I don't have "episodes" all the time - they only happen to me once in a while, usually when I'm on my own in the woodsy woods woodsy or romping in the high country. They kind of sneak up on me and take over - not in any scary way - completely beautiful - and I get a floating sensation along with super-heightened sensory awareness. Light, color, sound, movement, and especially wind are super intensified. I am isolated for a moment or two, sometimes a few minutes before I come back to normal.
I love it when an "episode" happens. This one occurred during one of the dances at the festival. A steady drum beat - a big circle of people dressed in native garb - men and women, boys and girls - a green grassy field under a bright blue sky. One dancer was especially demonstrative. I think his "spirit" was a deer spirit (note: that's my interpretation - I don't pretend to understand Native American culture or spirituality, but I respect it nonetheless) and he was really into his movements, using ornaments that resembled deer horns in quick, rhythmic motion, bent over like a quadruped, turning this way and that with the sound of the drum, staying in time with the other dancers.
In the background, lining the field, is a long row of tall, healthy eucalyptus trees.
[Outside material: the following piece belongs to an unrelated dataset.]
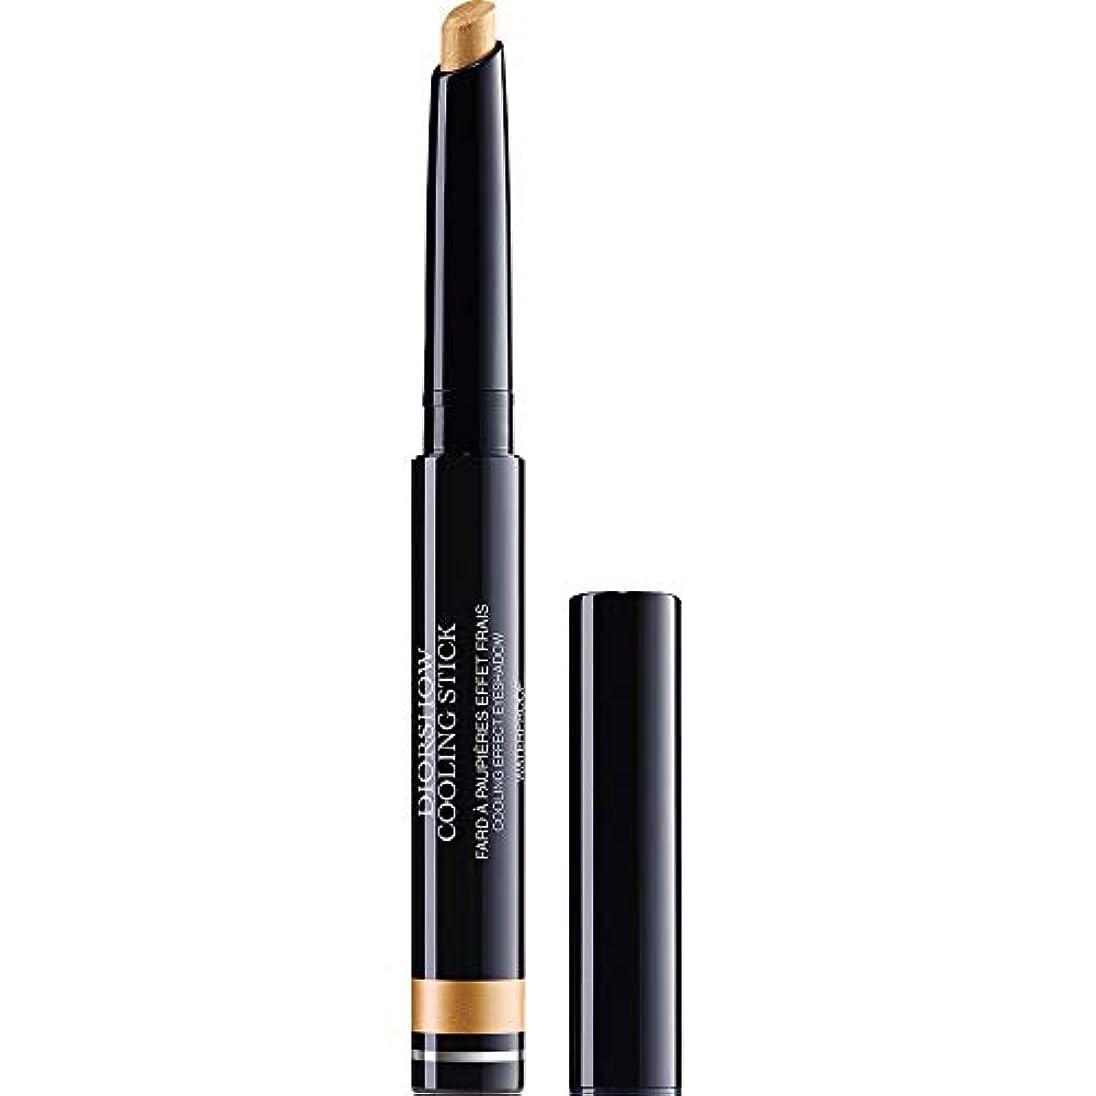 固体ところで野心[Dior ] ディオールDiorshow冷却スティックアイシャドウ1.6グラム002 - 金スプラッシュ - DIOR Diorshow Cooling Stick Eyeshadow 1.6g 002 - Gold Splash [並行輸入品]

When my "episode" happened, I became aware that the tallest tree branches were swaying back and forth in time with the drums. My focus was on the trees, no, IN the trees, from a long distance away, on the opposite side of the dancers. That is, the dancers were in the field between me and the eucalyptus grove. The whole scene kind of ebbed and flowed with the wind for a few minutes. I felt like I was slightly elevated, just a little bit off the ground.
I couldn't stop smiling.
Beasts of the Southern Wild is one of the best movies I have never heard of. It's set in the deep South, off-bayou of New Orleans I think, and it features some of the wildest, most intriguing characters you will never ever meet. Hushpuppy, the little girl that stars in the movie, around which the movie revolves, is a four-foot tower of strength and a fierce observer/participant of/in her reality. If you don't love her, you should be ashamed of yourself.
This story is raw. It's ferocious. It's wonderful.
It didn't make me have an "episode" like the Indian Market and World Peace Festival, but it made my gut burn with a love of being alive. "Beast it." It's Nature's Way.